Conforme a docente, muitas vezes, quem passa por processos seletivos como estes analisados na pesquisa não foi apresentado à forma de linguagem mais culta, mais padrão. Para esses alunos, um ensino focado nas exceções da Língua Portuguesa não resolve, uma vez que, antes disso, é preciso aprender a usar adequadamente o idioma.

— Às vezes, as pessoas não conseguem formular um raciocínio no papel, e é claro que isso vai acontecer: falta um vocabulário, uma estrutura, elas não sabem usar a pontuação, a concordância. Aí, as frases ficam extensas e a gente se perde no raciocínio — resume Lilian.

Para a professora da PUCRS, se a docência fosse valorizada, com a oferta de boas condições financeiras e apoio na criação de projetos pedagógicos, e houvesse a implementação de políticas públicas de incentivo à leitura, o problema seria atacado pela raiz e, com o tempo, a realidade poderia ser diferente.

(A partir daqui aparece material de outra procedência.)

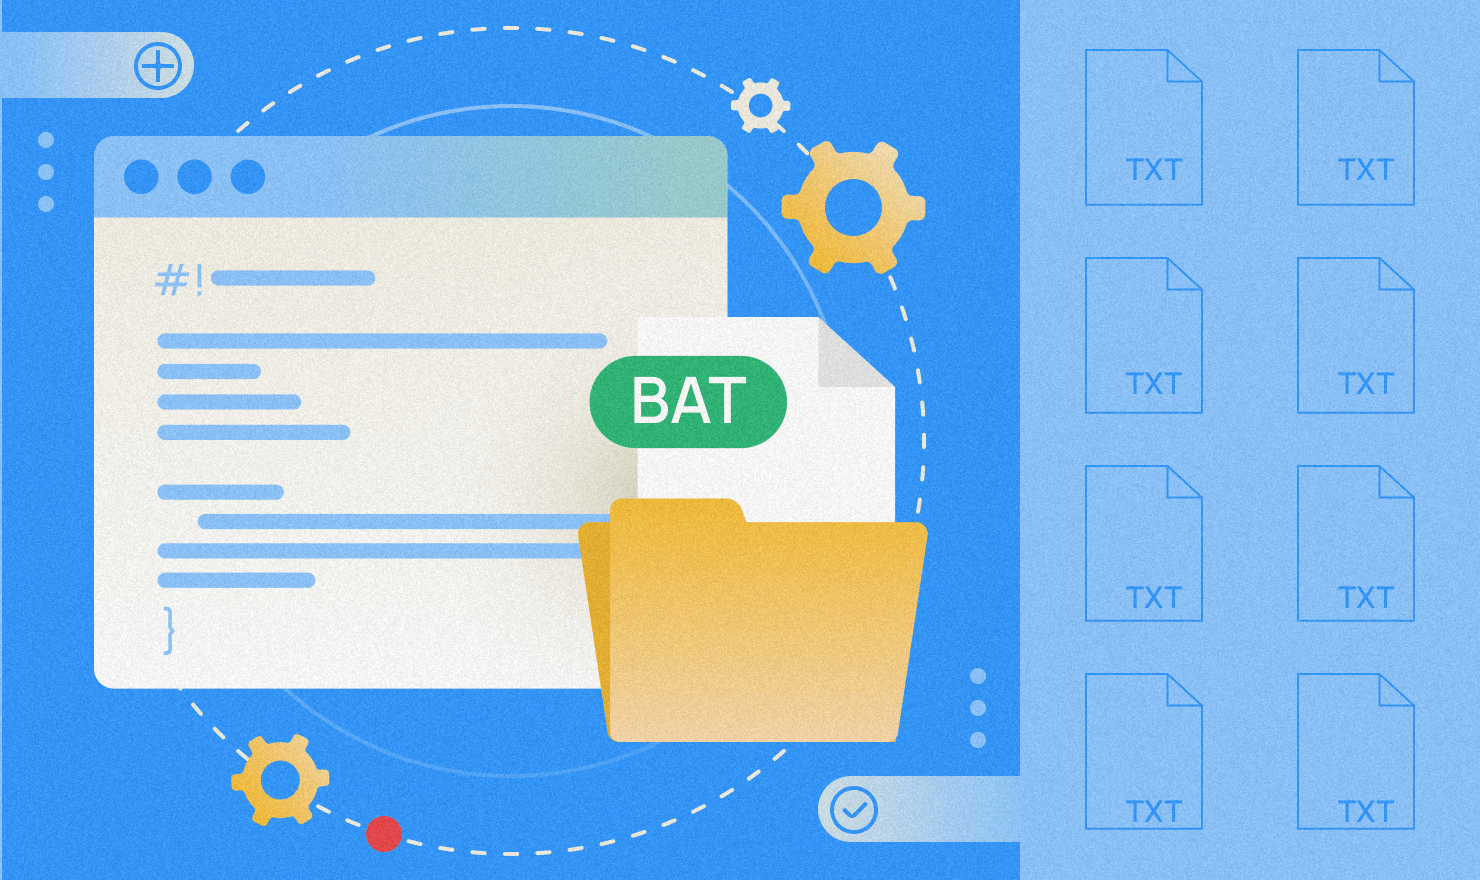 Bat-файлы — их создание и команды

Fernando Becker, doutor em Psicologia Escolar e do Desenvolvimento Humano, se impressiona quando percebe que pouco do que as psicologias do século 20 estudaram em termos de desenvolvimento de aprendizagem foi levado para a realidade das escolas, e que o ensino atual é muito semelhante ao oferecido nos anos 1950. Para o especialista, que também é professor na Universidade Federal do Rio Grande do Sul (UFRGS), essa falta de renovação tem muito a ver com os problemas de desempenho dos estudantes nos processos seletivos.

— É espantoso que a escola seja um elefante branco que se isole das transformações sociais e tenha tanta dificuldade de assimilar transformações e modificar o seu projeto de ensino. Os professores entram na sala de aula e começam a falar sem conhecer as condições de aprendizagem daqueles alunos. O que acontece é que grande parte não se conecta com o que está sendo passado — analisa Becker.

Significados

A primeira pergunta a ser feita, de acordo com o docente, é o que tem significado para aquelas crianças. A resposta será diferente conforme a classe social do aluno, a idade, a geolocalização e tantas outras variáveis. A partir disso, é preciso desafiar as inteligências dos estudantes e mantê-los ativos.

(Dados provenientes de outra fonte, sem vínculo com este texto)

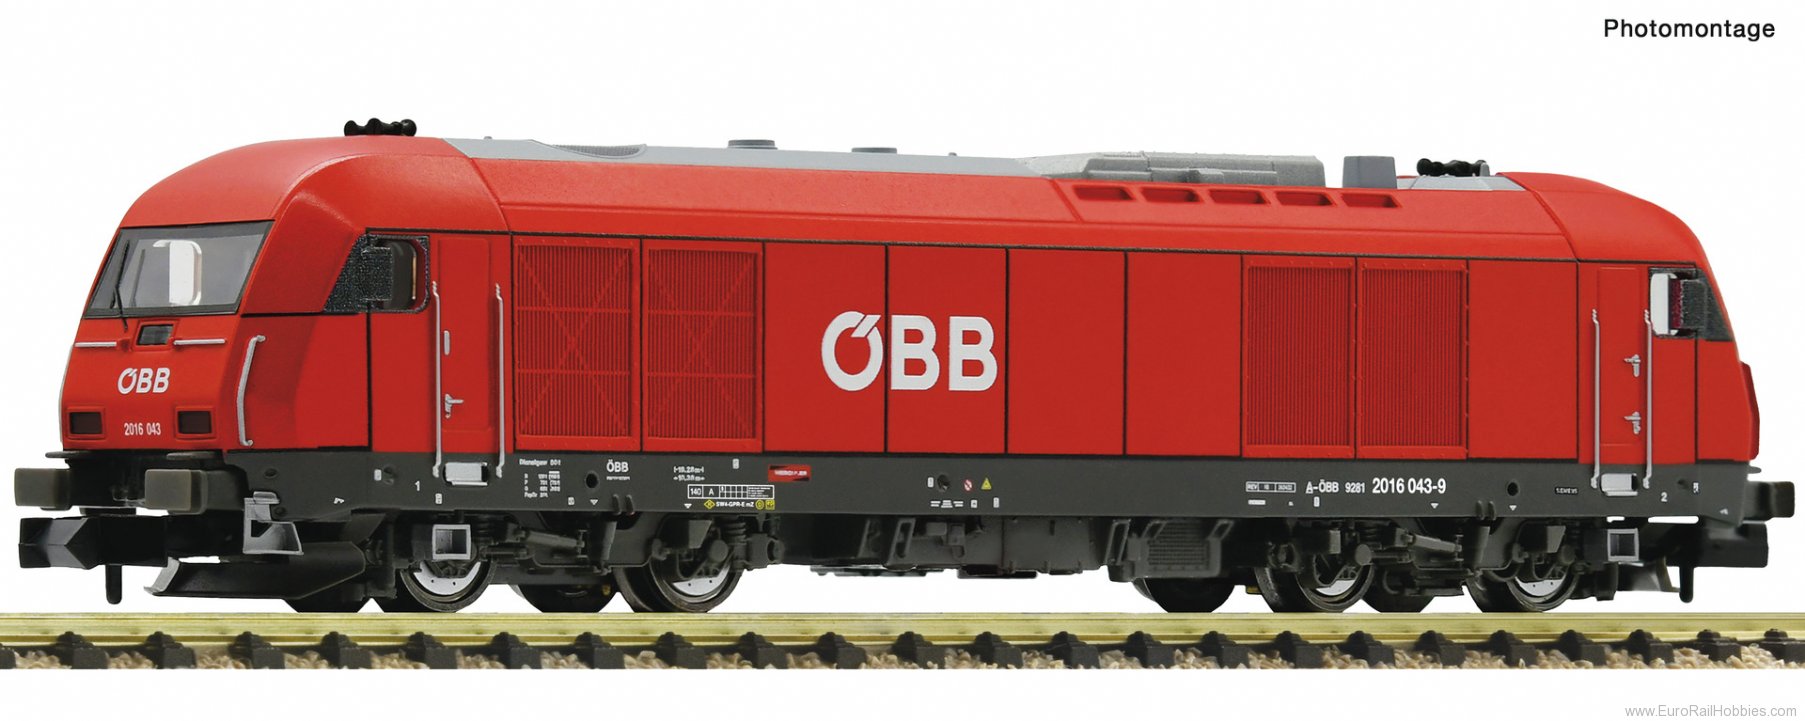 Fleischmann 7360012 Diesel locomotive 2016 043-9, ÃBB (DC Anal

— A construção do conhecimento envolve atividade, e não passividade. Mas o que acontece em sala de aula? Em larga escala, a exigência da passividade. Tem que ficar quieto, em silêncio. Só que é falando que se organiza a vida e o conhecimento — orienta o professor, que considera que criar ambientes onde os alunos falem entre si e com os educadores é fundamental em qualquer disciplina.

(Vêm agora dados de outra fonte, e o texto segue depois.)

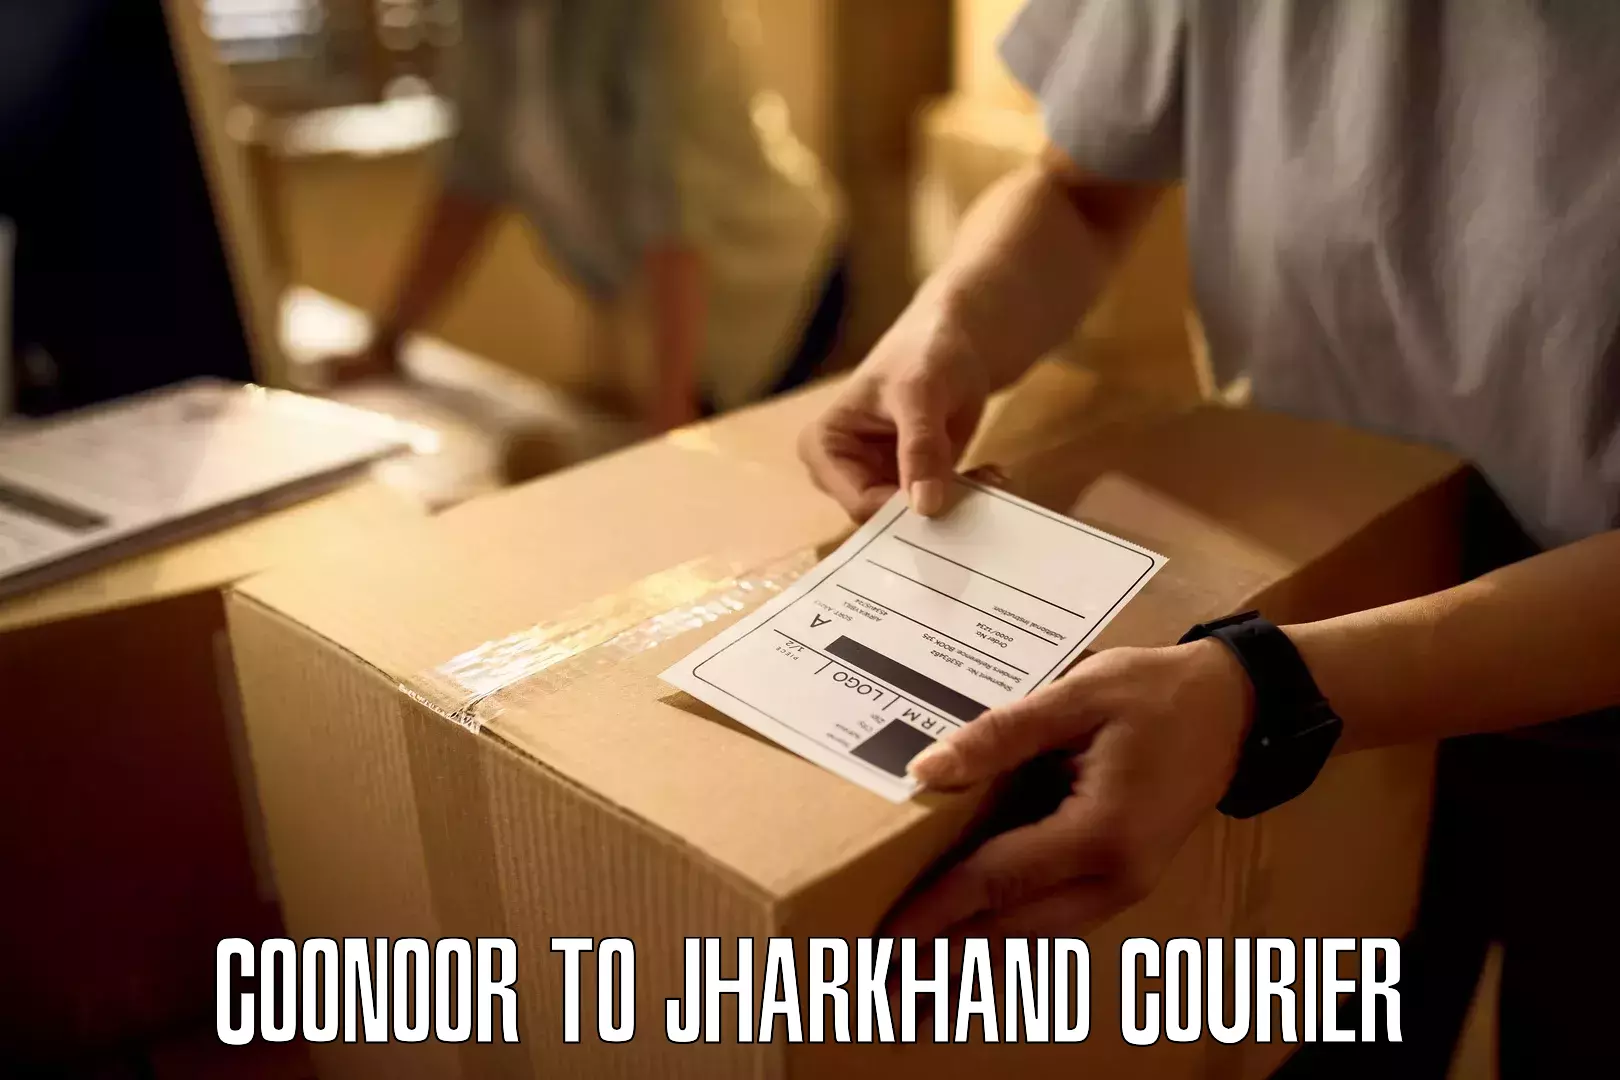 Cargo courier service Coonoor to IIT Dhanbad

Becker salienta que o letramento é uma revolução cerebral, e que, no caso do ensino da Língua Portuguesa, é lendo e escrevendo que se aprende a gramática, e não com aulas sobre regras gramaticais desligadas do sentido. Entretanto, mesmo ao se oferecer uma leitura para o estudante, é importante escolher bem qual será:

— O que faz sentido para um adolescente de 12 anos ler? As escolas vêm com Dom Casmurro, invariavelmente. Isso é dar saltos qualitativos que os alunos ainda não deram, e aí os professores falam com as paredes. Os alunos acabam pegando resumos do livro na internet e simplesmente não leem.

Histórias em quadrinhos, textos sobre dinossauros ou outros assuntos pelos quais a turma se interesse pode ser um bom ponto de partida. Dele, aos poucos, os professores podem desafiar seus alunos a ir além.

— A escola tem exatamente a função de desafiar, mas erra toda vez que começa de um lugar onde o aluno não está — pondera Becker.